PROMPT: Give again the lines from the line with "Francie Hester Abstract" to the last line of the records, exactly and in full. Do not carry over any pictures.

#####

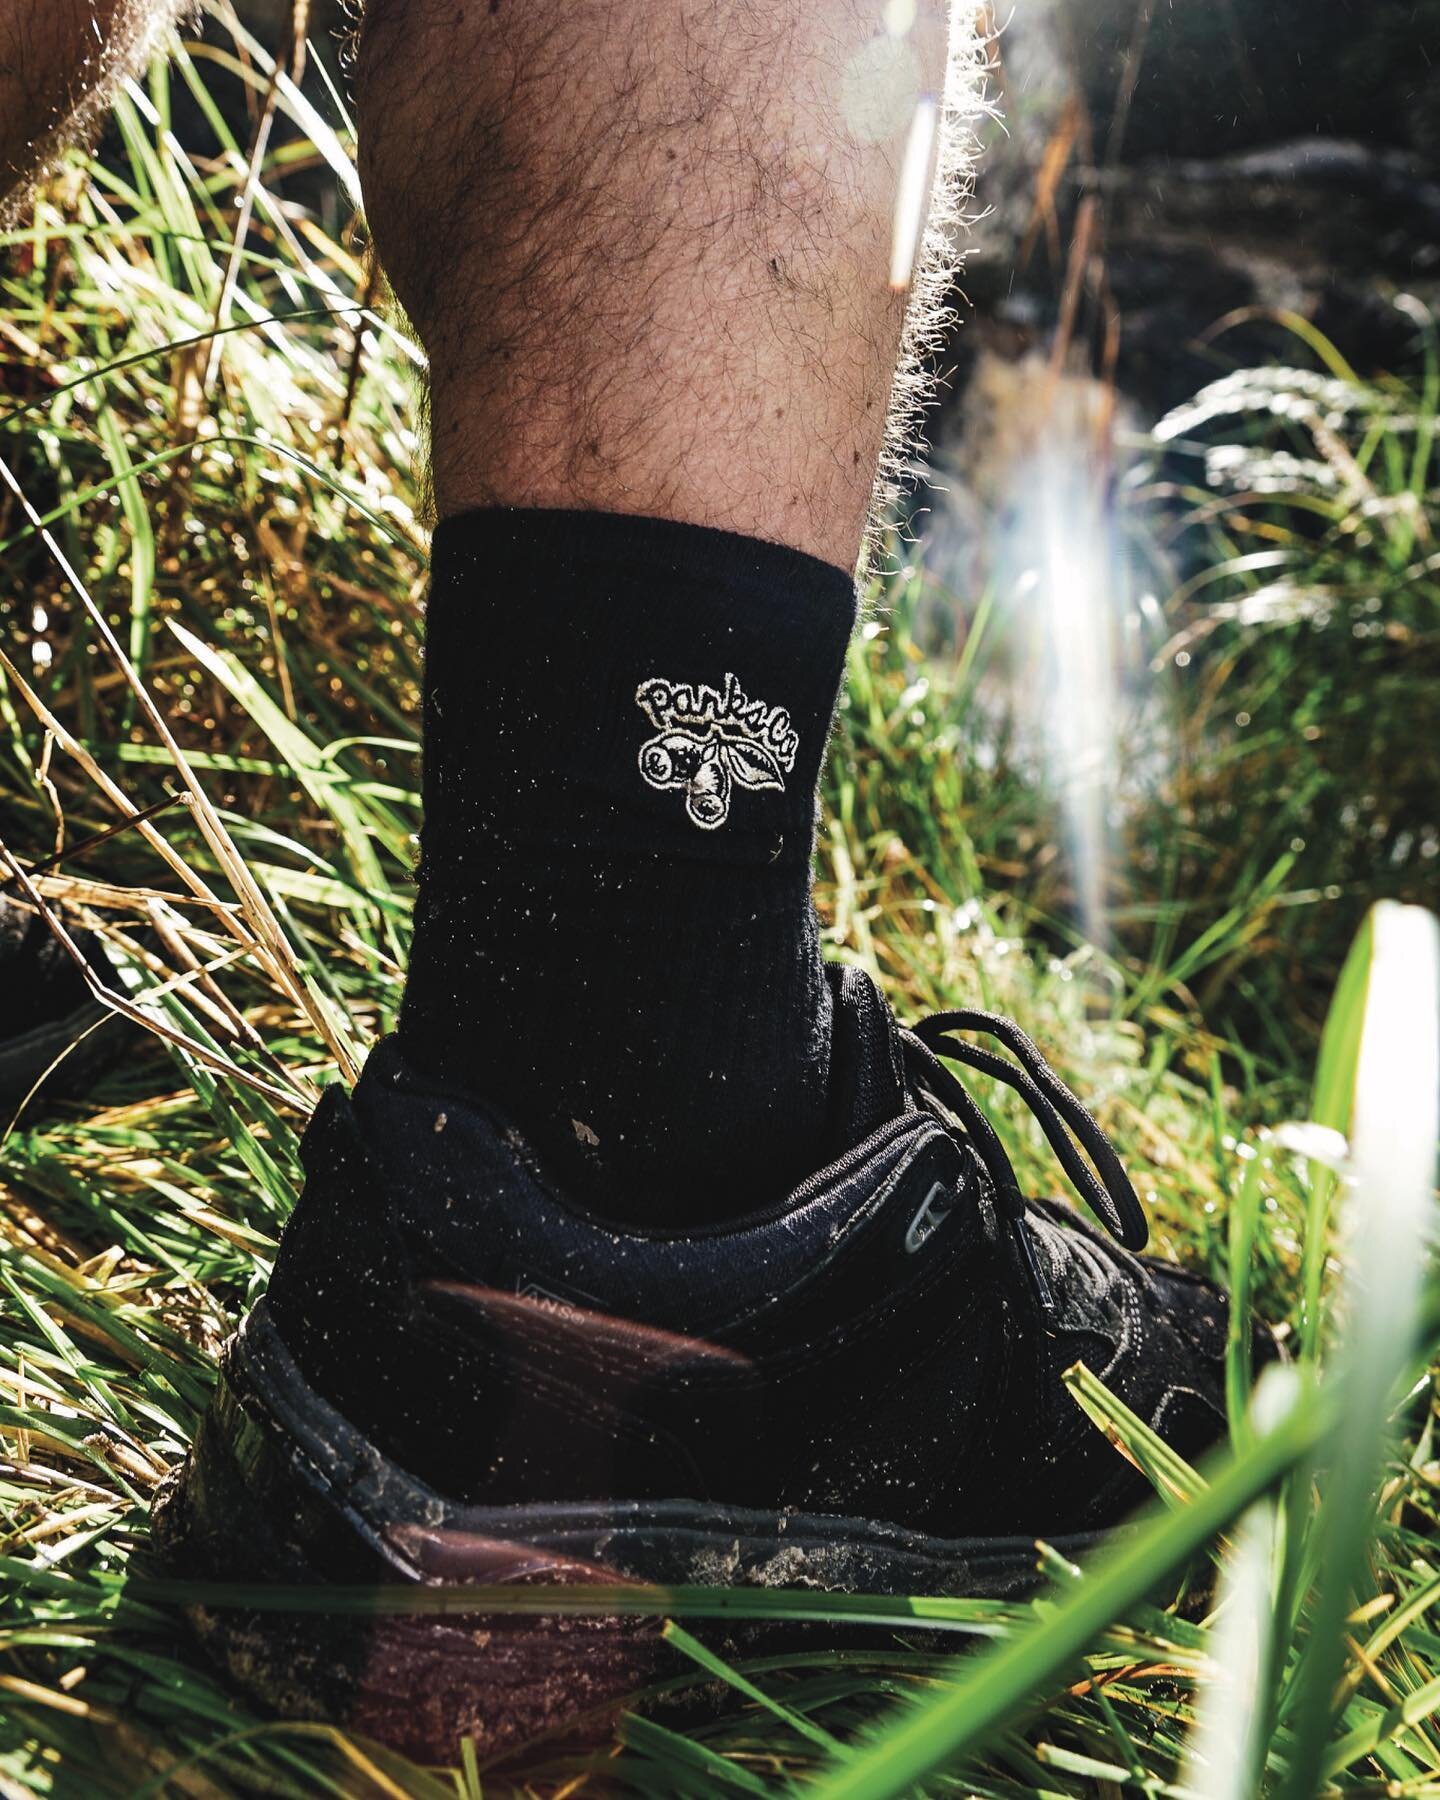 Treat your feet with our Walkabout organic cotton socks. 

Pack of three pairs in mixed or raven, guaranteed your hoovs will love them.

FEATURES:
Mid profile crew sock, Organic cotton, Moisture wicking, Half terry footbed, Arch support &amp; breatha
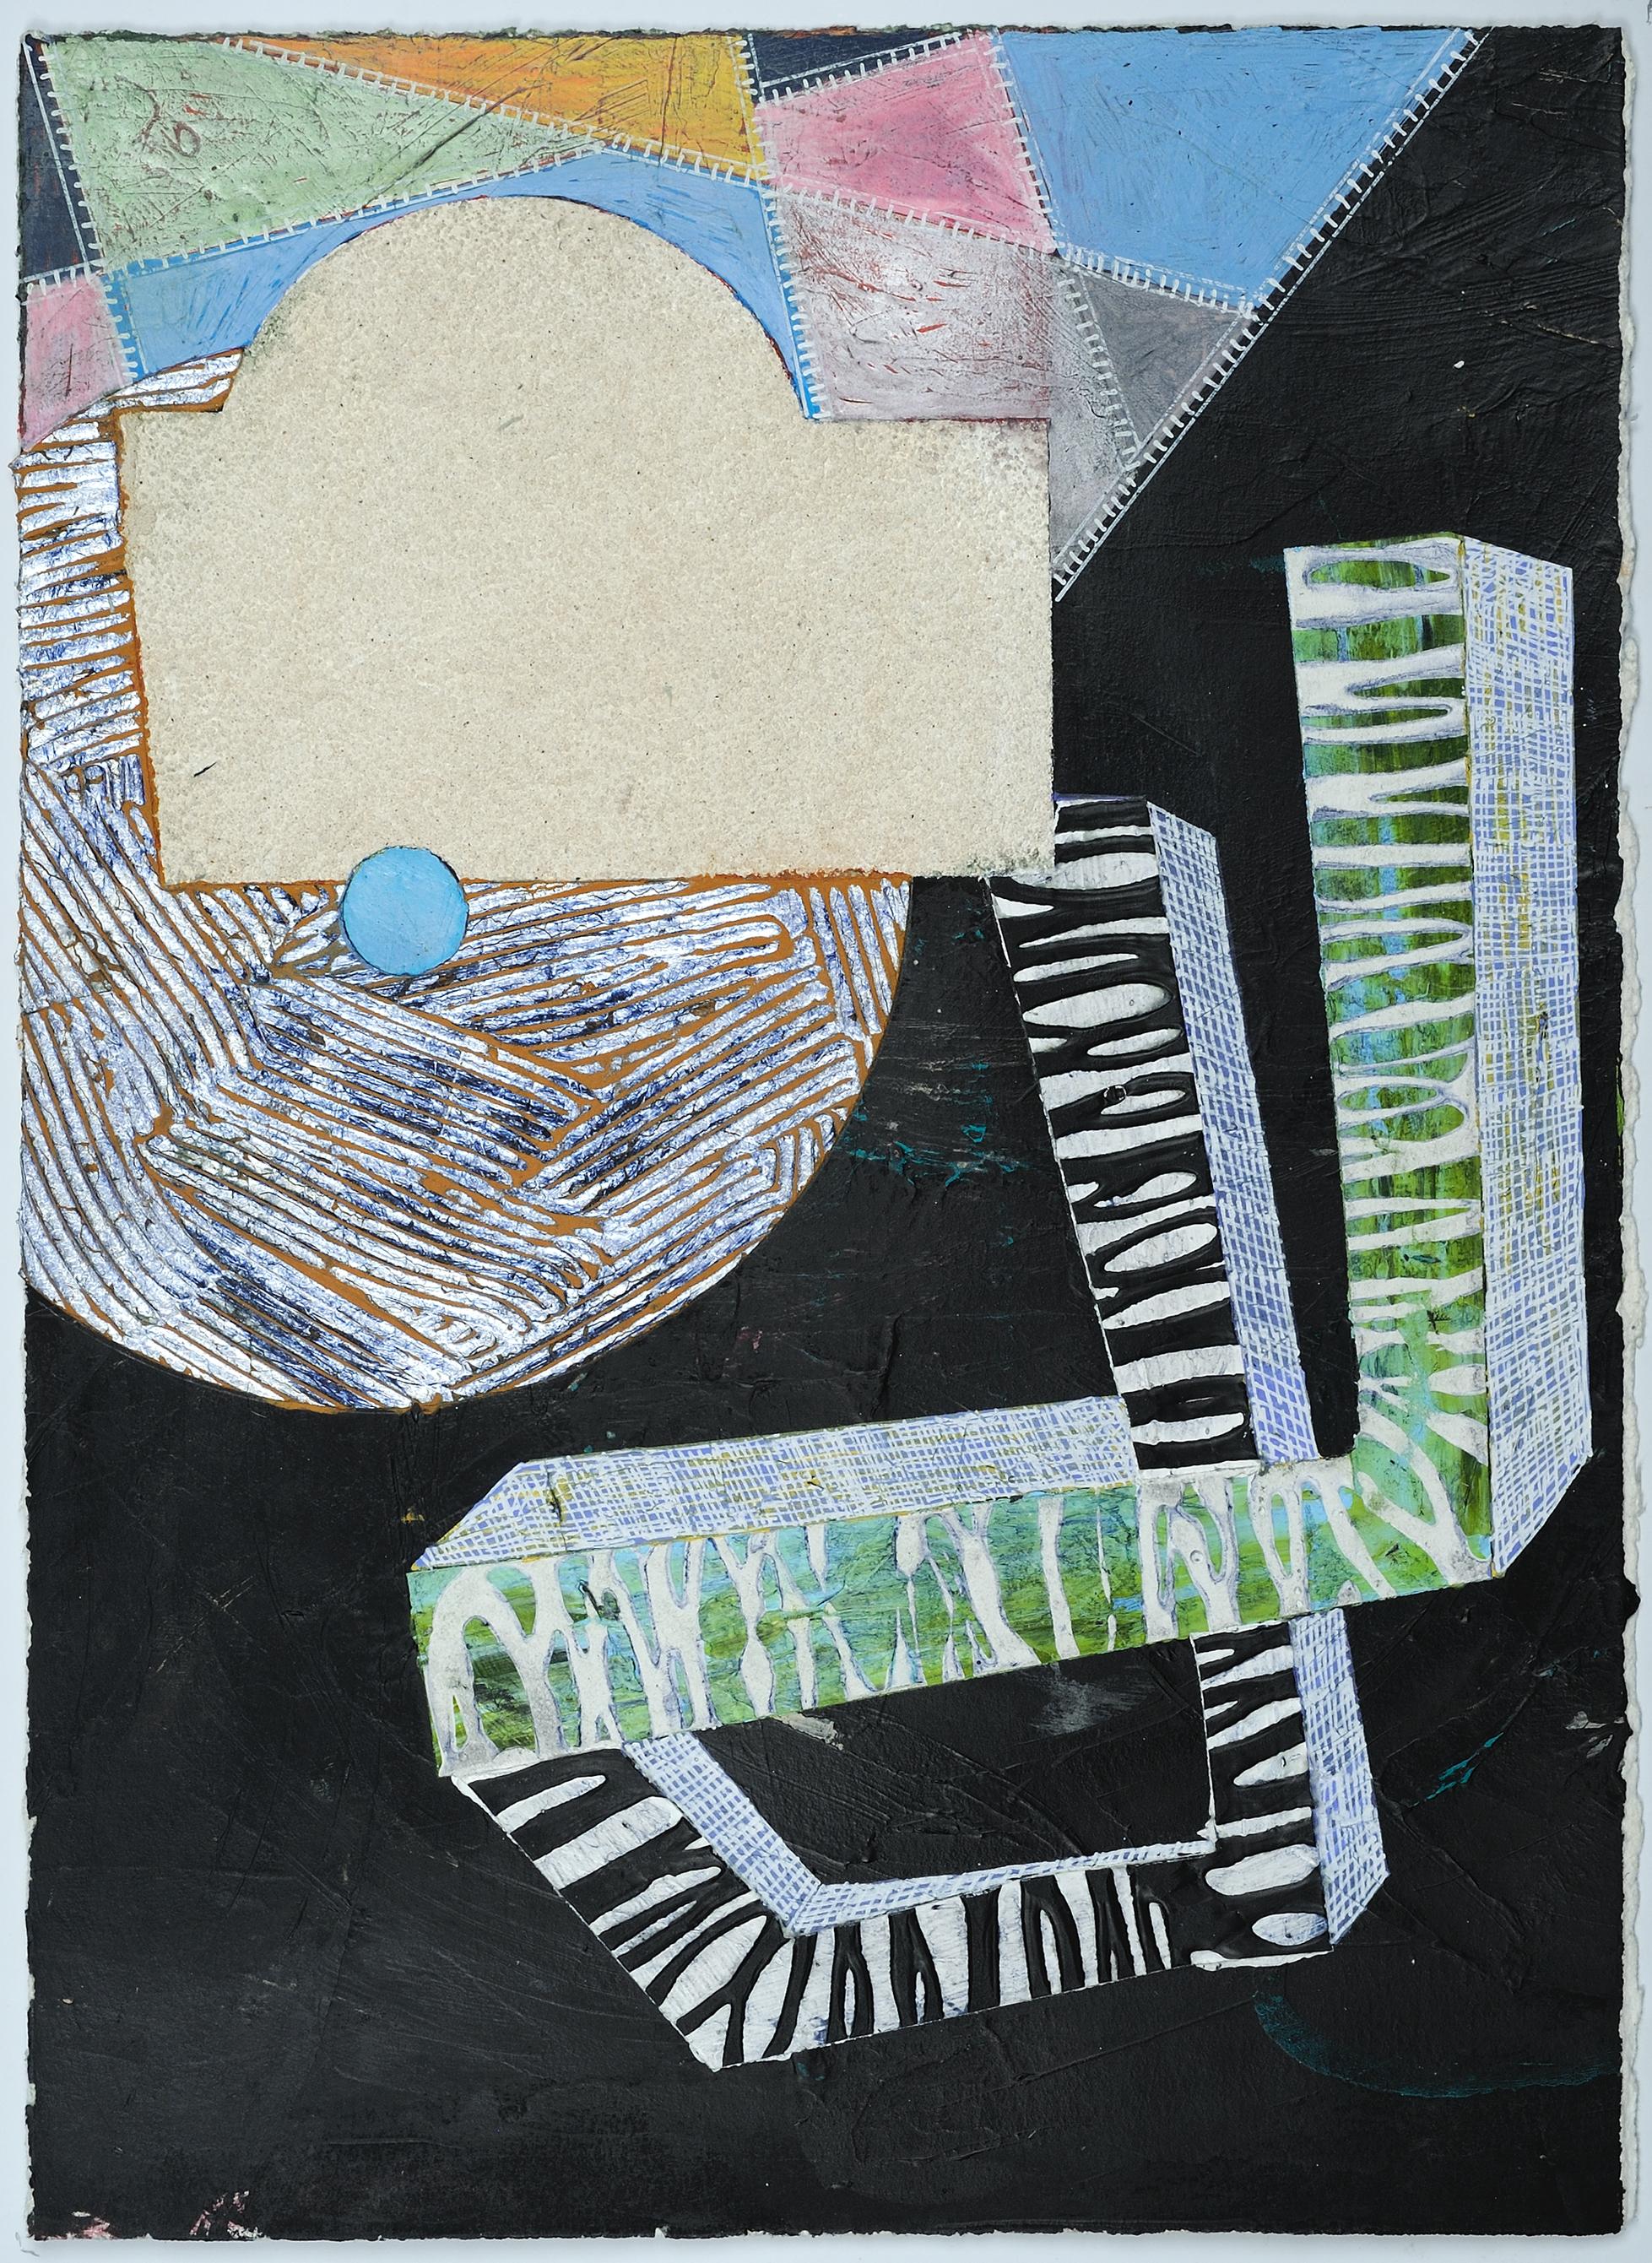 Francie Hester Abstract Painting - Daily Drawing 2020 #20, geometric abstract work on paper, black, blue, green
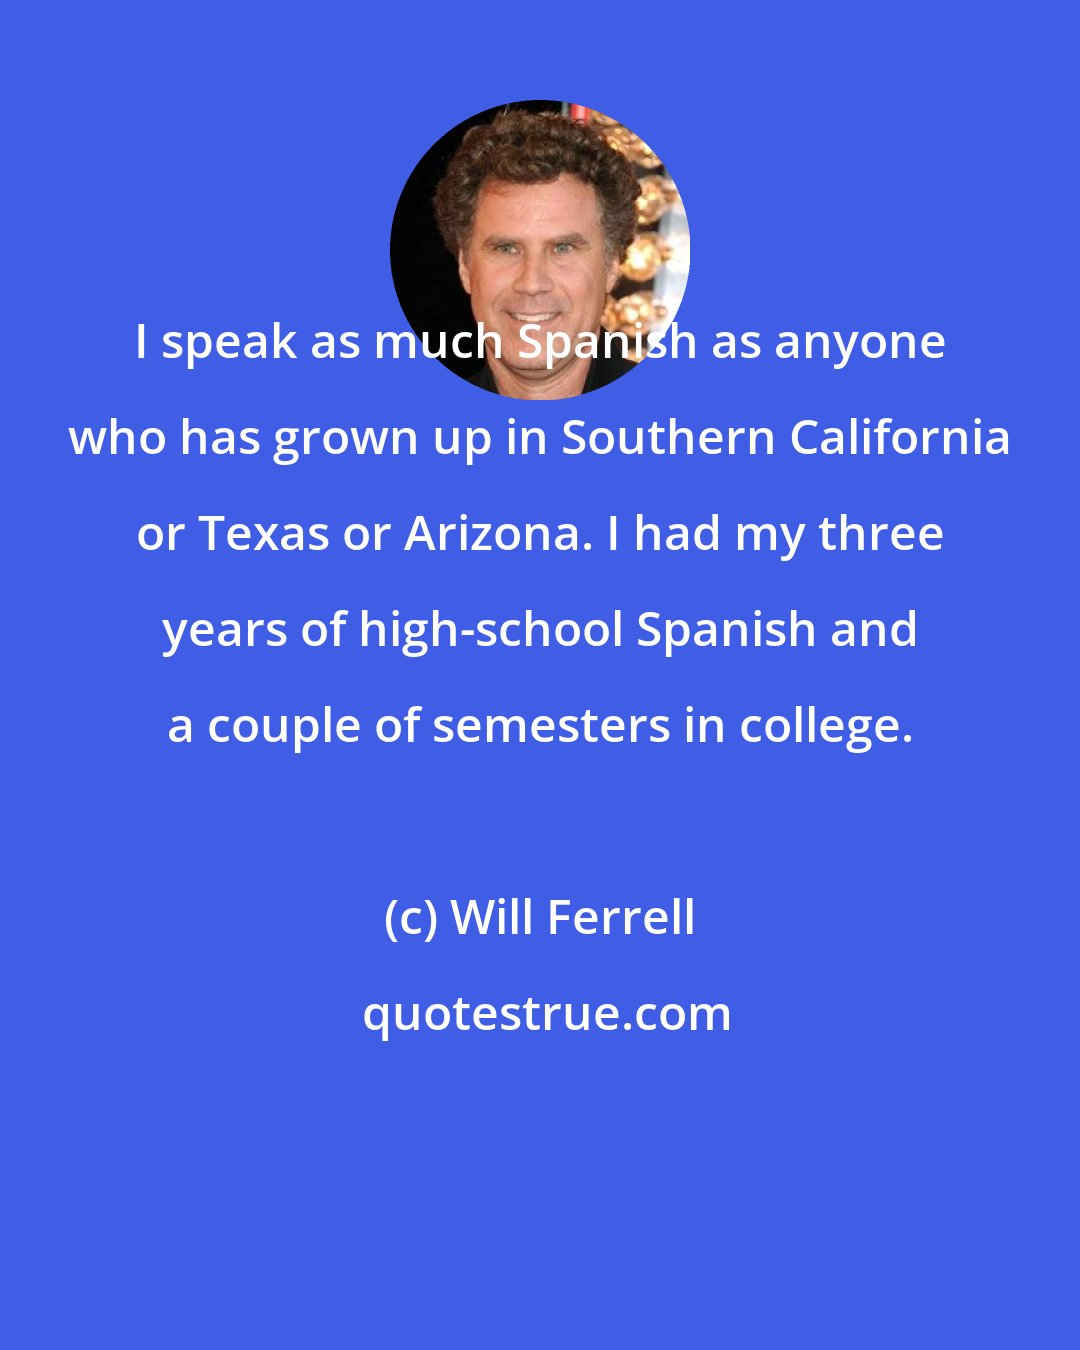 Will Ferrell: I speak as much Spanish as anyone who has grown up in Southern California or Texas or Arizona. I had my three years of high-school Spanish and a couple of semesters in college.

#####

RESPONSE BELOW:
 Francie Hester Abstract Painting - Daily Drawing 2020 #20, geometric abstract work on paper, black, blue, green
 Will Ferrell: I speak as much Spanish as anyone who has grown up in Southern California or Texas or Arizona. I had my three years of high-school Spanish and a couple of semesters in college.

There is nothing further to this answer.